Internationale Pharmakonzerne erproben ihre neuen Medikamente zunehmend in Ländern wie Brasilien und Mexiko. Klinische Versuche kosten dort weniger als etwa in den USA. Statistiken der US-Gesundheitsbehörde NIH belegen, dass in Brasilien mehr als 2.000 Medikamententests durchgeführt wurden. In Mexiko fanden rund 1.300 und in Argentinien etwa 1.100 solcher Versuche statt. Laut dem Gesundheitsministerium in Washington war die Tendenz in den vergangenen Jahren steigend. 1990 hatten US-Pharmakonzerne demnach nur 271 Tests im Ausland vorgenommen. Bis 2008 erhöhte sich die Zahl auf weit über 6.000.

Die US- Behörde für Arzneimittelzulassung (FDA) prüft zwar die Ergebnisse der Studien, jedoch nicht die Methoden, nach denen sie durchgeführt werden. Ähnlich geht die mexikanische Behörde COFEPRIS vor.

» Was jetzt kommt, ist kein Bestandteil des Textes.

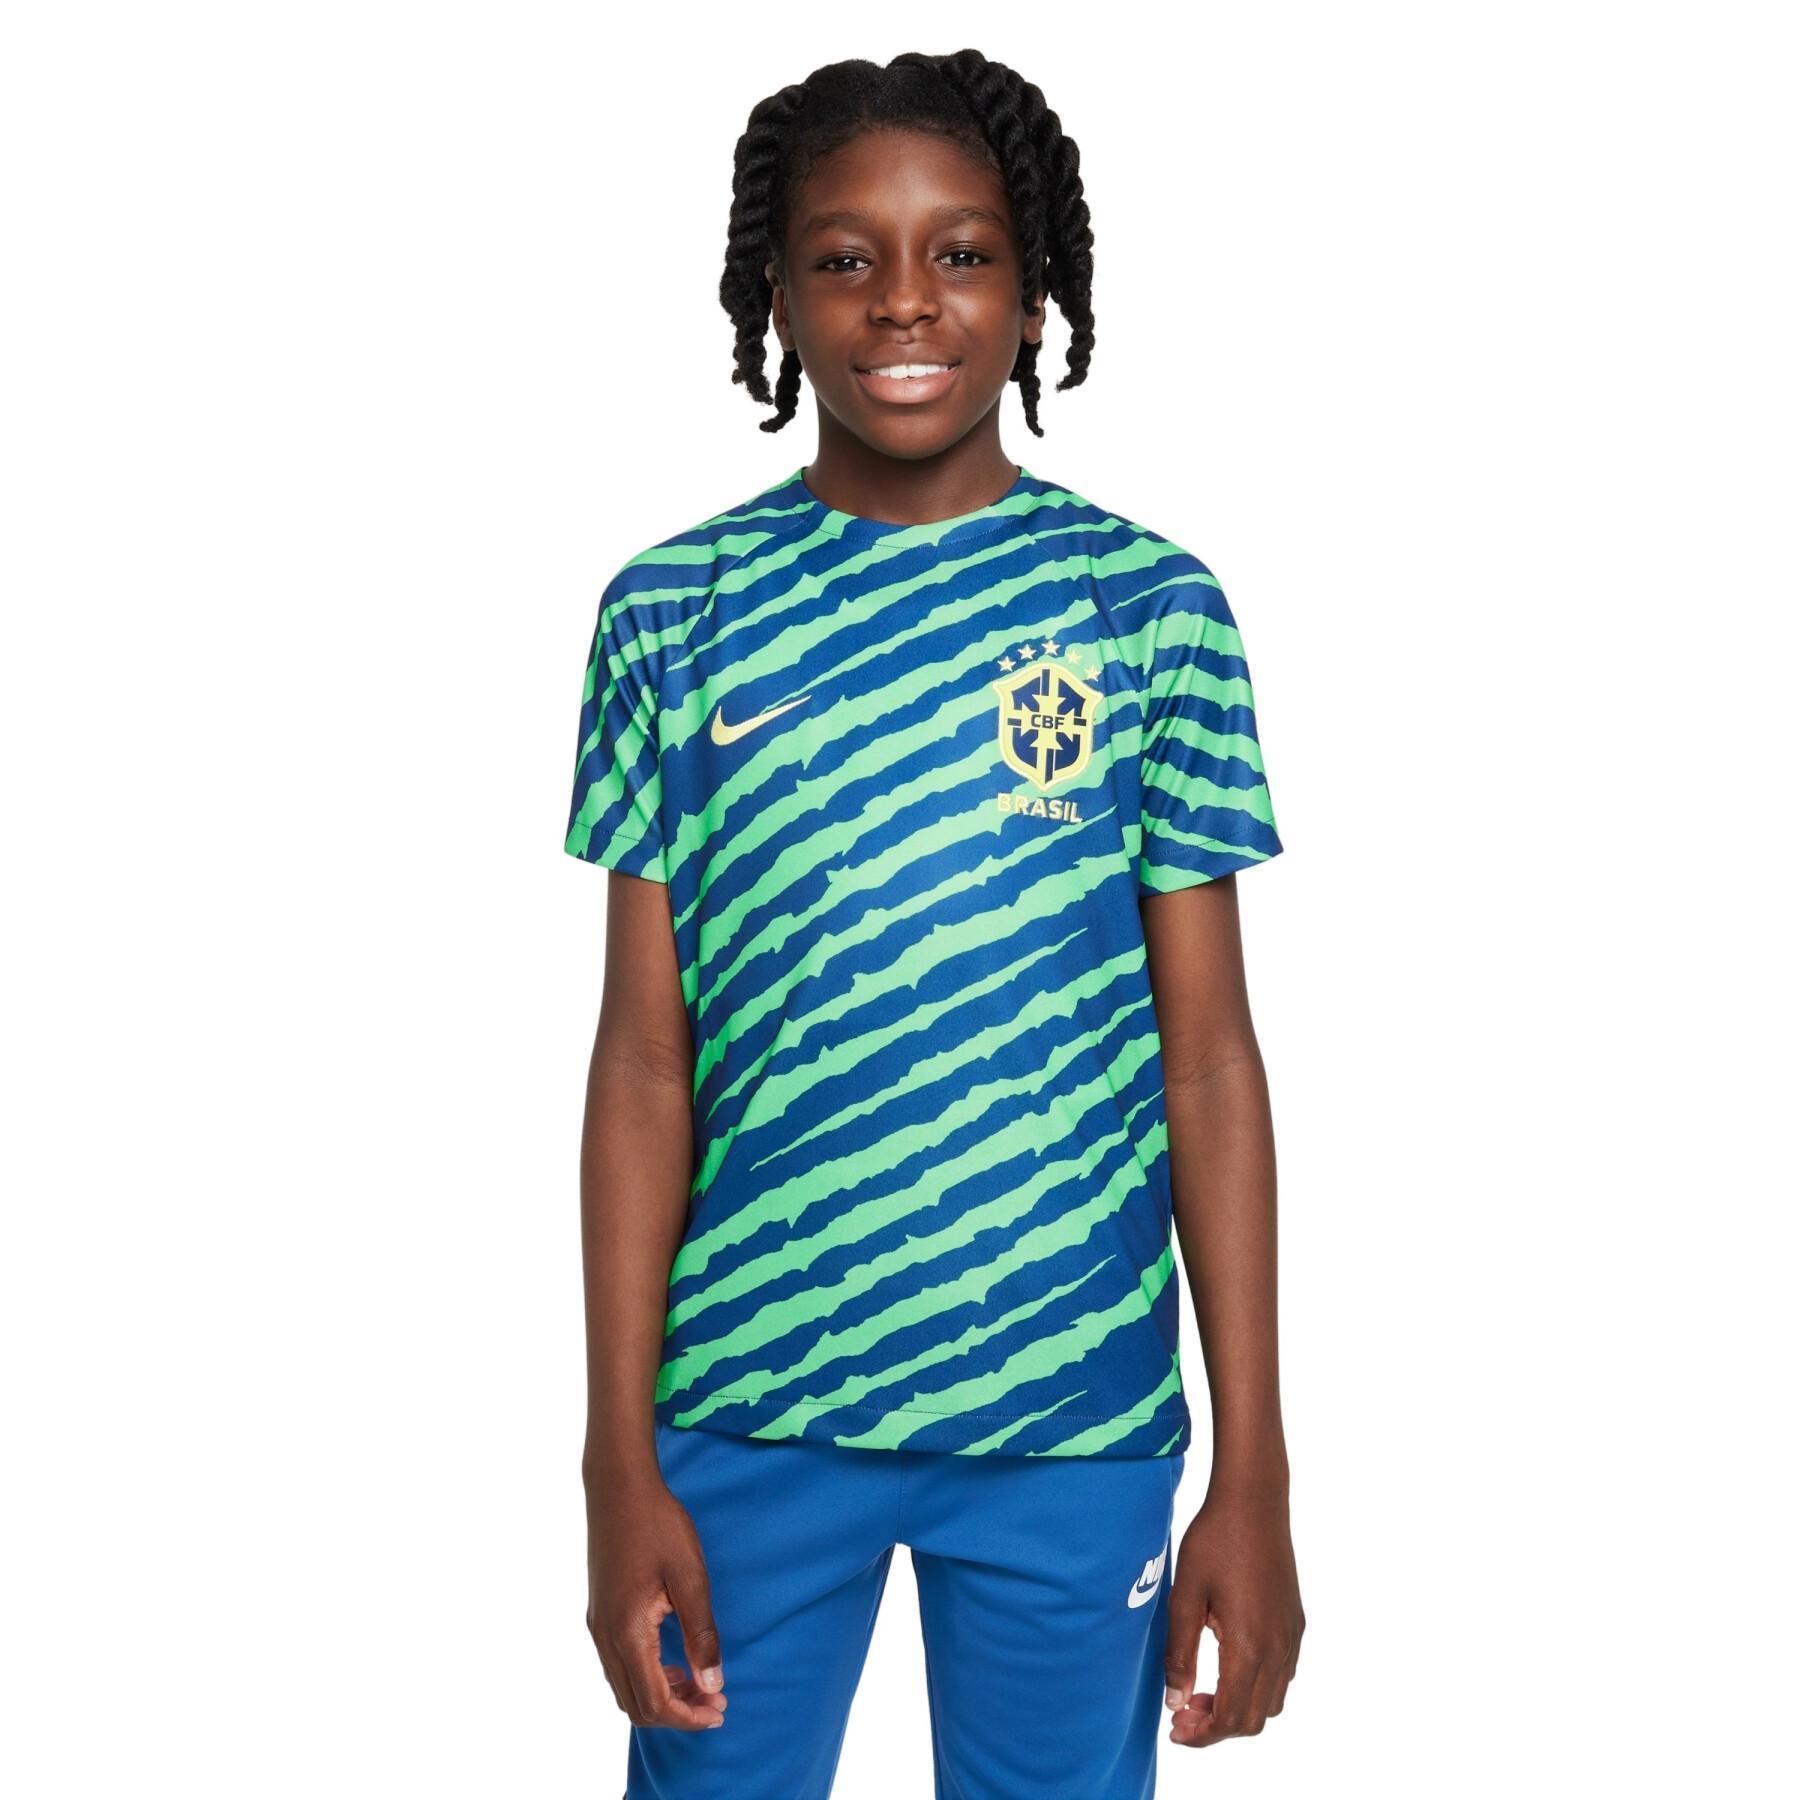 Camiseta premundial 2022 para niños Brésil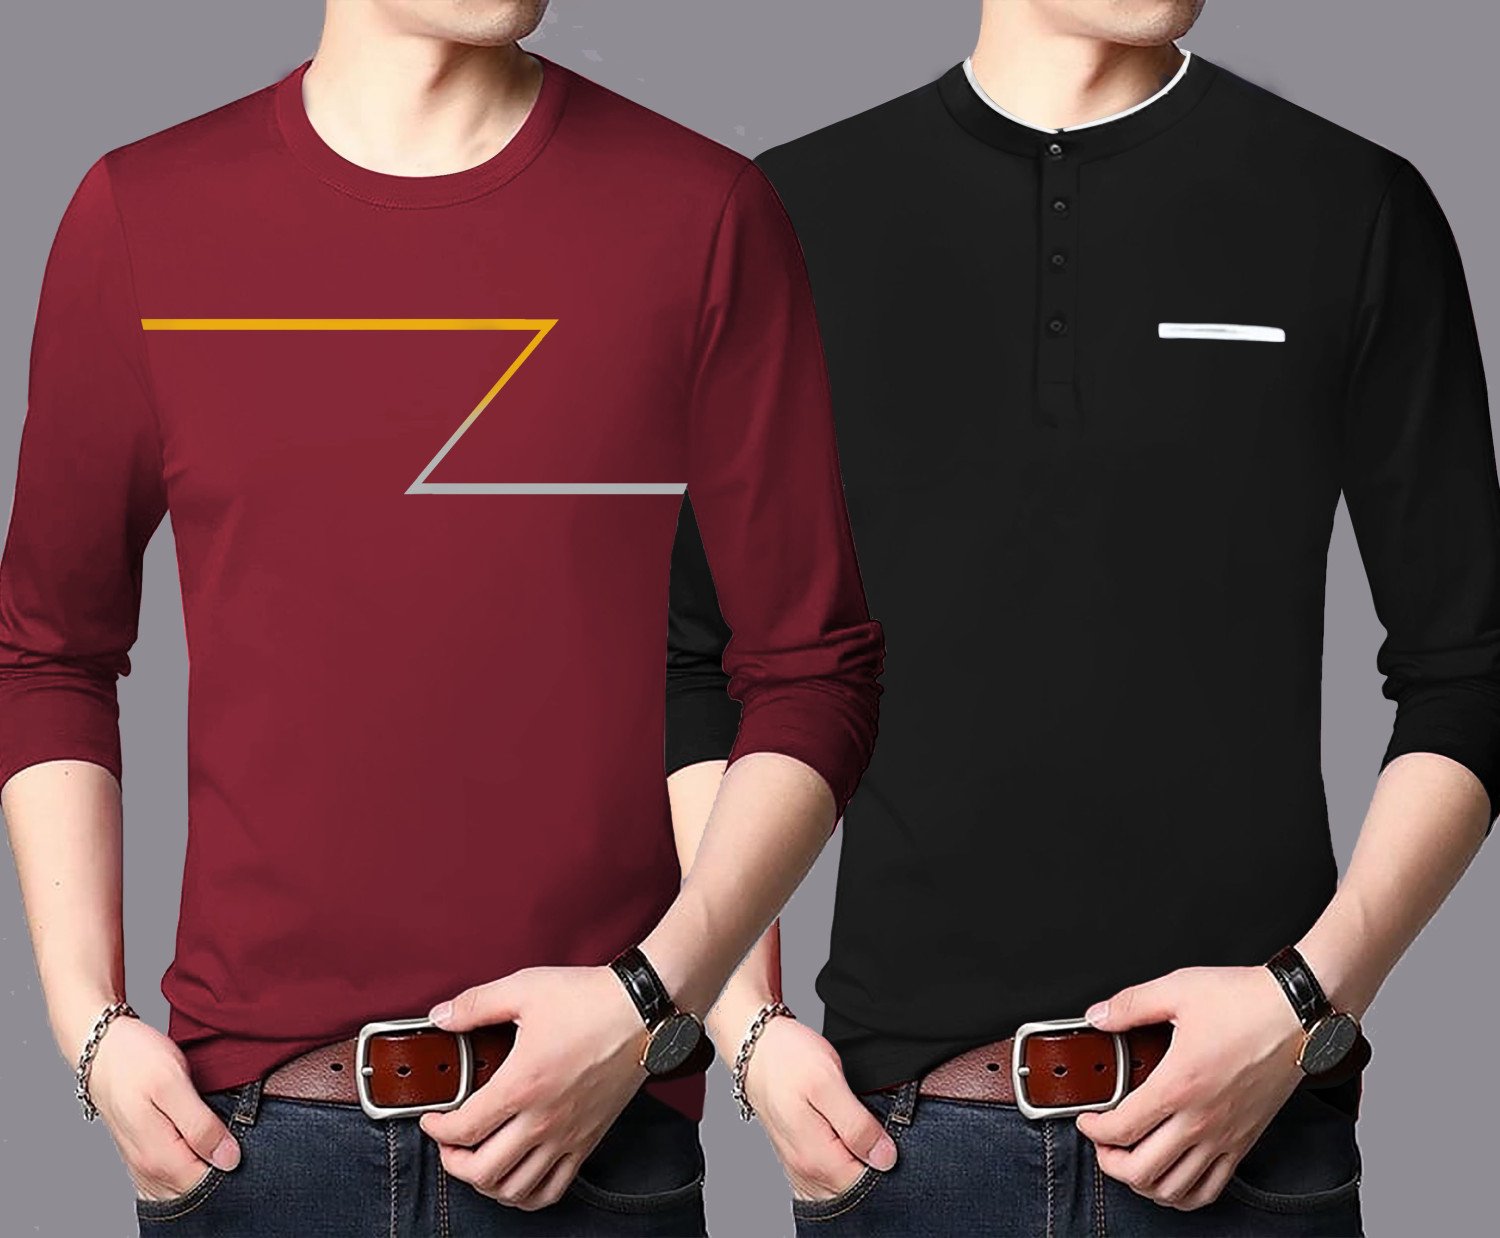 LG Garments Men's Trendy Stylish Round Neck Full Sleeves Cotton T-Shirts - Multi-colour (Combo Pack Of 2) | Men's T-Shirt (2 in 1) (S, M, L, XL, XXL)

Damit steigen die Risiken für Probanden.

Das Iberoamerikanische Cochrane-Netzwerk, in dem Wissenschaftler zusammengeschlossen sind, kämpft bisher vergeblich für eine Datenbank zu laufenden Tests in Lateinamerika. Die Weltgesundheitsorganisation WHO hatte ein solches Register bereits 2005 auf globaler Ebene angemahnt.